JEXEC

From Joomla! Documentation

This page is a translated version of the page JEXEC and the translation is 100% complete.

Other languages:
English • ‎español • ‎français • ‎Nederlands • ‎中文(台灣)‎
Copyedit.png
This Article Needs Your Help

This article is tagged because it NEEDS REVIEW. You can help the Joomla! Documentation Wiki by contributing to it.
More pages that need help similar to this one are here. NOTE-If you feel the need is satistified, please remove this notice.


Esta página documenta la verificación _JEXEC que se utiliza para proteger los archivos PHP, explicando por qué se usa, cuándo usarlo y situaciones donde no debería utilizarse. Mira también: ¿Por qué la mayoría de los archivos PHP de Joomla! se inician con define(' JEXEC')...?

¿Qué?

La siguiente línea se encuentra comúnmente en el inicio de los archivos PHP de Joomla!:

defined('_JEXEC') or die('Restricted access');

¿Por qué?

_JEXEC es una constante que se define normalmente en el archivo index.php en la raíz de la instancia de Joomla! y se utiliza para marcar un punto de entrada seguro a Joomla. La verificación defined o die asegura que _JEXEC ha sido definido en el camino para llegar al archivo. Esto se utiliza para asegurarse que un archivo que podría exponer información de la ruta de acceso debido a funciones, variables o clases no está definido en el archivo de informes de errores de PHP y exponer una ruta de acceso.
También evita la inyección accidental de variables a través de un ataque a register globals impidiendo que el archivo PHP suponga que esta dentro de la aplicación cuando realmente no lo es.

Configurar los informes de errores tendría un efecto similar, sin embargo hay configuraciones en las que el cambio de configuración no están permitidos en PHP.INI. La verificación de JEXEC funciona independientemente de si la configuración se puede cambiar y no tiene otros efectos secundarios (por ejemplo, si estás depurando tener que reducir cada archivo al generar un informe de error sería molesto, porque tendrías que establecer un indicador de depuración para detenerlo o después de cada archivo se incluye restablecer el informe de error y eso ¡no es divertido!).

¿Cuando?

El control debe ser añadido a los archivos cuando se accede a causa de la directa exposición de una ruta. Por ejemplo, el siguiente error se produce cuando el plugin del Sistema Backlink (/plugins/system/backlink.php archivo) ha tenido deshabilitada la verificación _JEXEC:

Fatal error: Call to undefined function jimport() in /Users/pasamio/Sites/workspace/joomla_15/plugins/system/backlink.php on line 18

Como se evidente, la función 'jimport' no existe cuando el archivo es llamado directamente por PHP generando un error y expone la ruta de acceso al archivo. Agrega la verificación defined o día a este archivo causa un mensaje de "Acceso Restringido" que se muestra cuando se accede al archivo.

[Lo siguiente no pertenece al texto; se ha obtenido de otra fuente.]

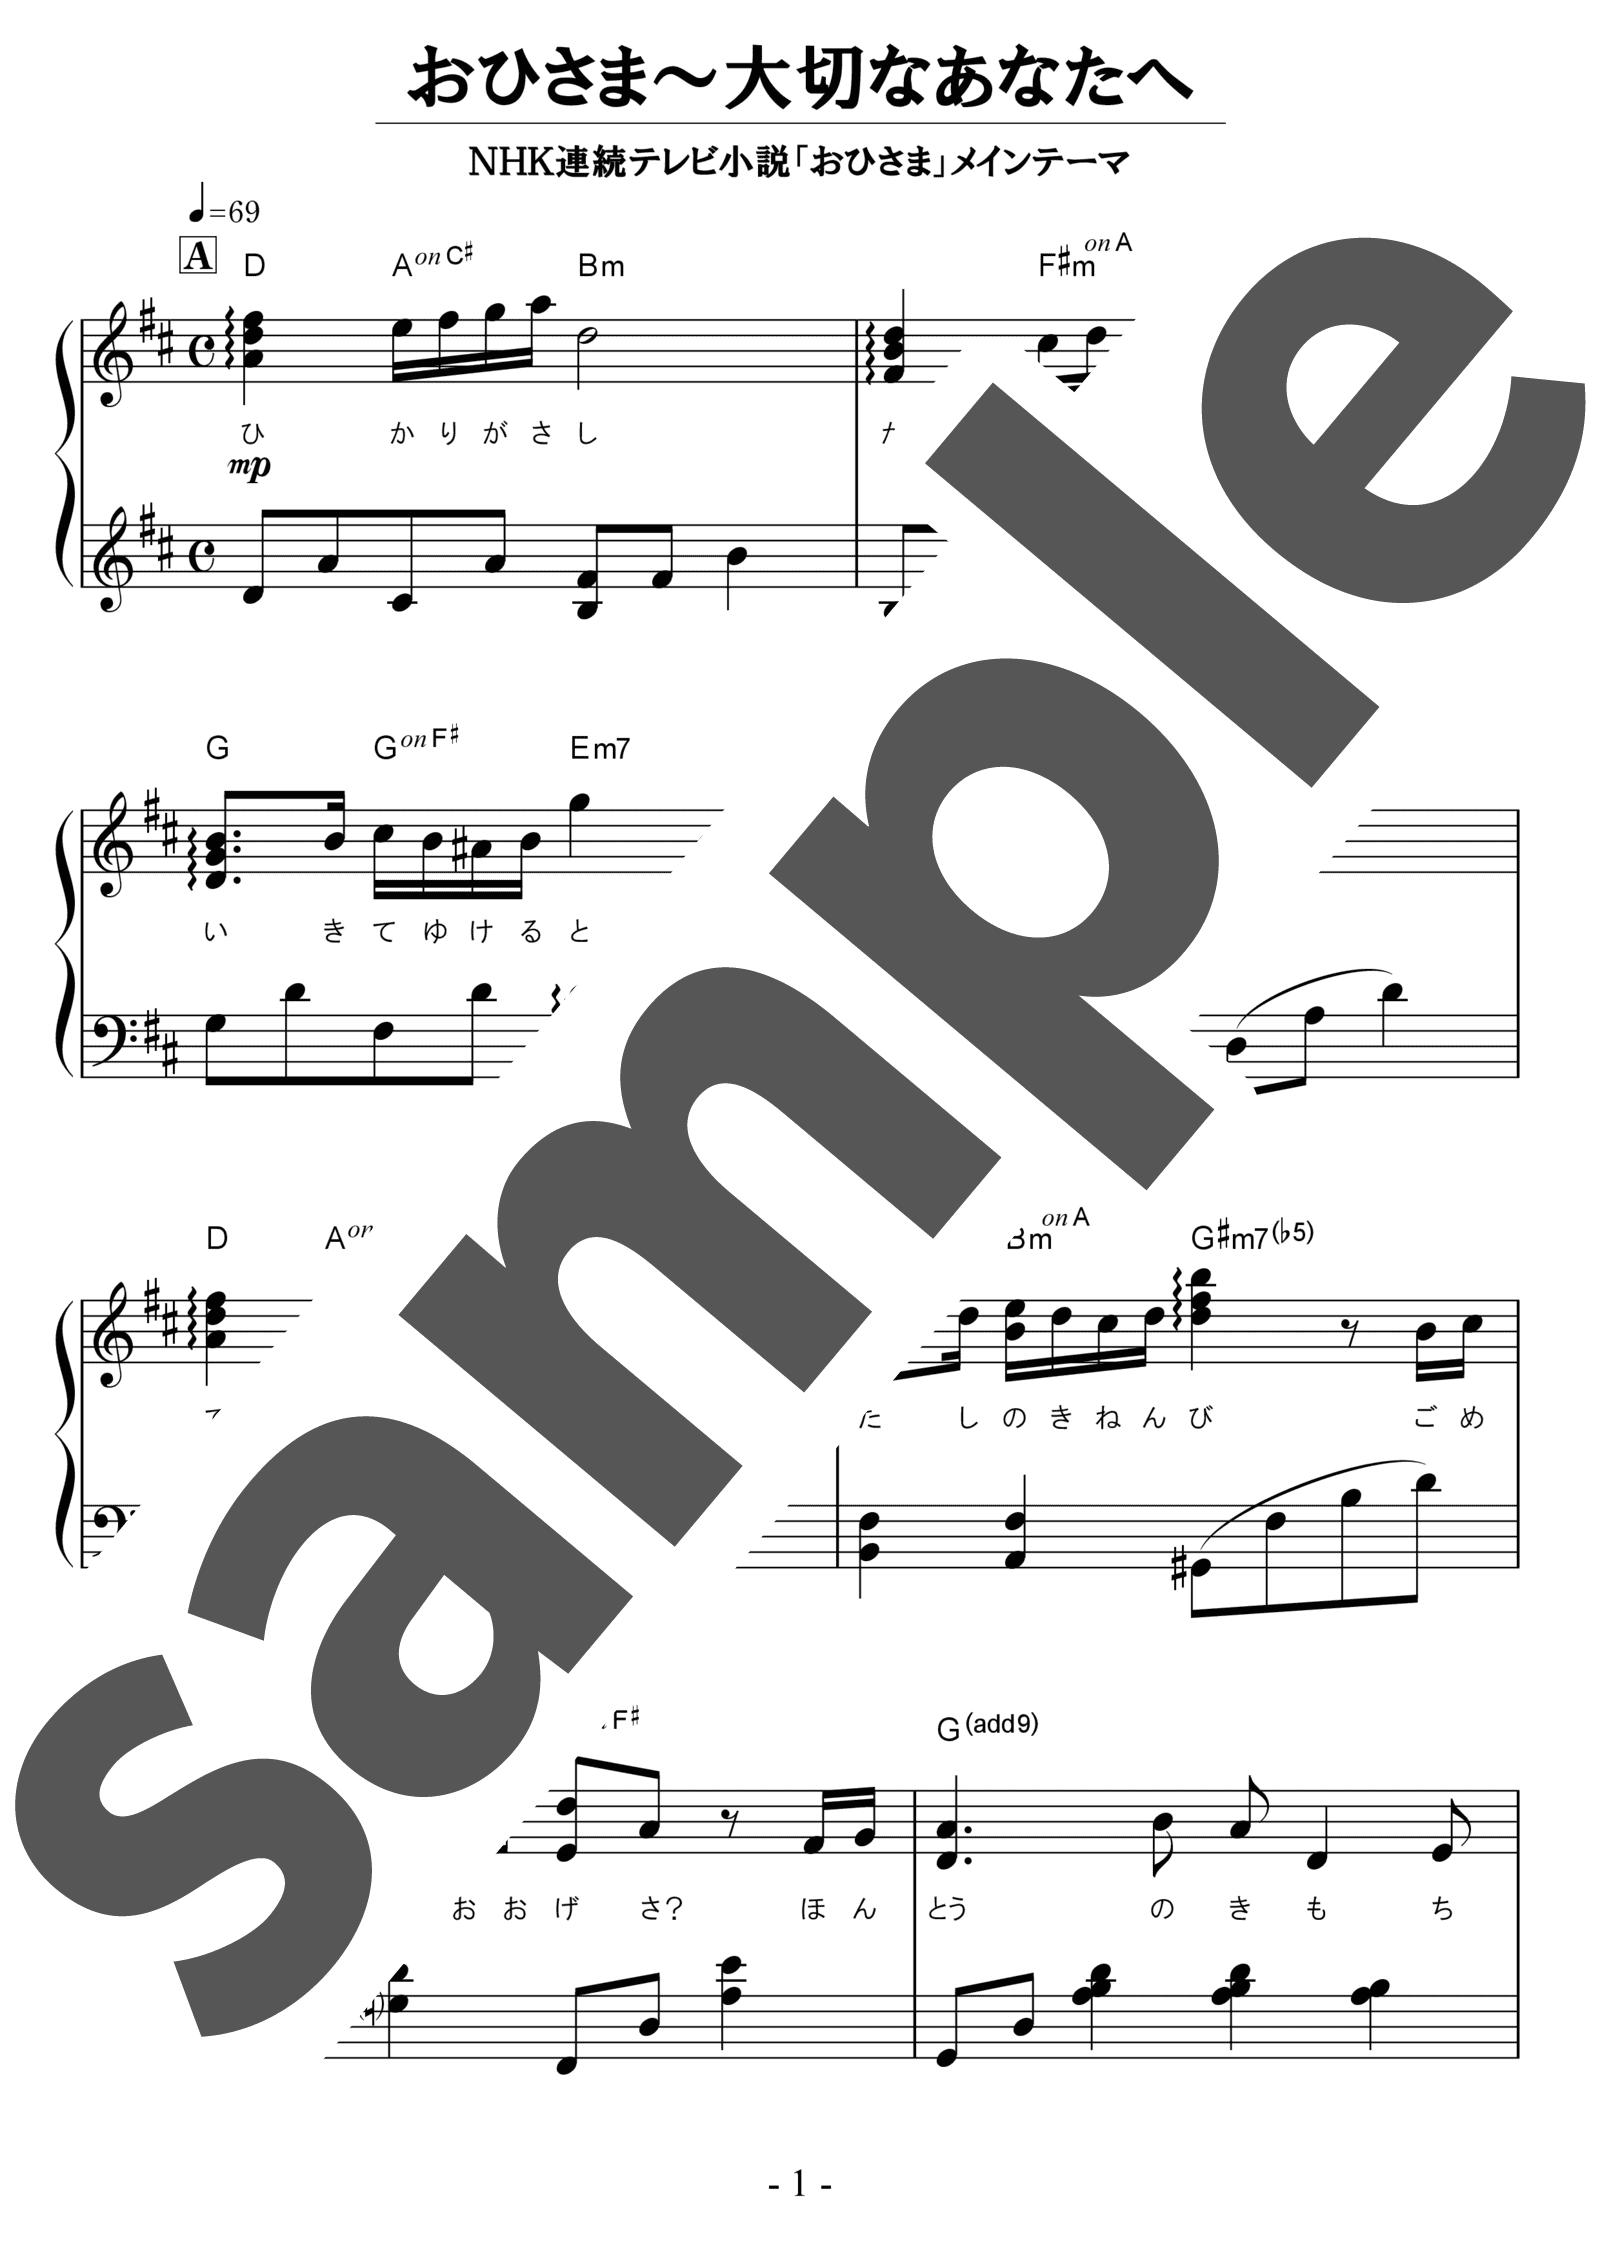 「おひさま~大切なあなたへ」のサンプル楽譜

Así que la regla general es hacer la verificación JEXEC si el archivo PHP depende de otro archivo para que funcione correctamente. Por lo general, si tienes acceso a un archivo directamente sin la verificación JEXEC y un error PHP es elevado (suponiendo que tu informes de errores PHP está configurado, de forma predeterminada, para mostrar los errores) sobre la ausencia de una variable, función, objeto o similares, entonces, el archivo debe ser protegido.

Algunos archivos no necesitan ser protegidos de esta verificación. Podrían ser archivos sin dependencias externas (por ejemplo, una simple clase o trozos de código) o pueden ser archivos externos que pueden operar sin estar dentro de Joomla!. Ejemplos de esto incluyen el generador Javascript GZip de TinyMCE, el cual es totalmente autónomo.